Building materials tend to alter slowly over time, so architects generally try to design so that materials stay in pristine condition for as long as possible. However, there are times when the architect plans for materials to transform so that they lose that ‘just built’ look. Unpainted or unanodised aluminium quickly oxidises, clouding its stark shine. Western Red Cedar matures to a distinguished grey in just a few years.
On a recent trip to Helsinki, John Rich visited Aalto’s Finlandia Hall. His initial impressions were that it was clad in white marble with an unusual, yet attractive, basket-weave finish.
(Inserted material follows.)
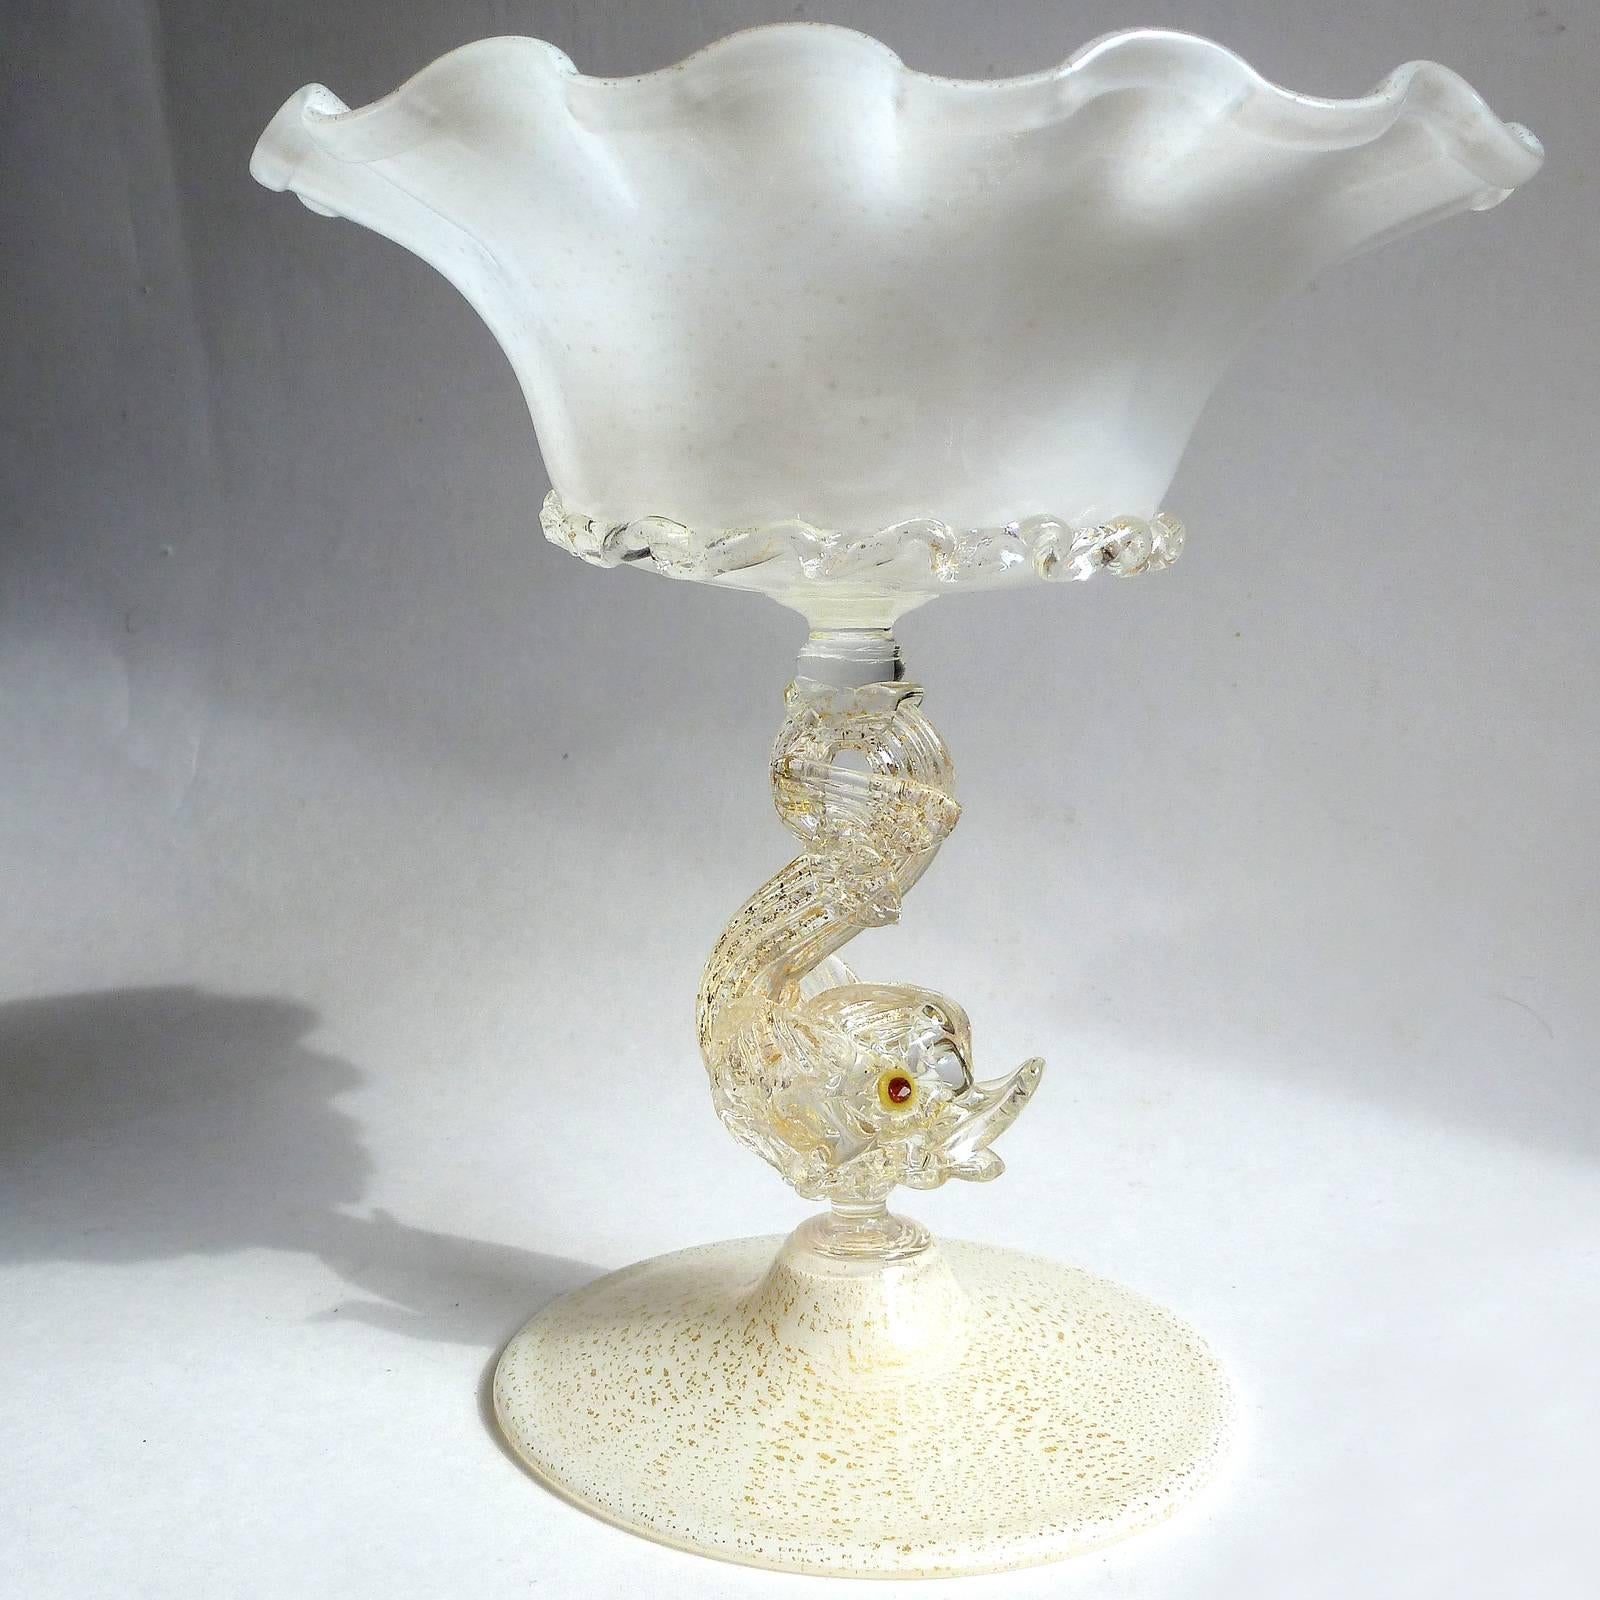 Priced per item (2 available as shown). Gorgeous early Murano hand blown white and gold flecks Italian art glass compote bowls with fish stems decoration. Both are almost identical, except one is a little taller. They have an applied rigaree ribbon

It turns out that Finlandia is one of a handful of buildings (The Empire State Building being another), that suffers from ‘thin-stone façade failure’. This basket-weave finish, however, was not one of those planned transformations.
In 1971, within just a few years of Finlandia’s completion, it was noticed that each panel of the thin white marble cladding was bowing. At great expense, all 7,500 sqm of marble was replaced in 1999. By 2009 it was apparent that the new marble cladding was failing in exactly the same way.
It turns out that the bowing effect is due to cycles of hot and cold temperatures. The grains that form the marble dislocate and do not return to their original positions. The outer surface, being more exposed to heat and cold, suffers more greatly, hence the bowing.
Hindsight might suggest that Helsinki was not a great place to use a material that is affected by large changes in temperature; however in this instance there is a delightful lightness to the façade that is really quite rare and beautiful.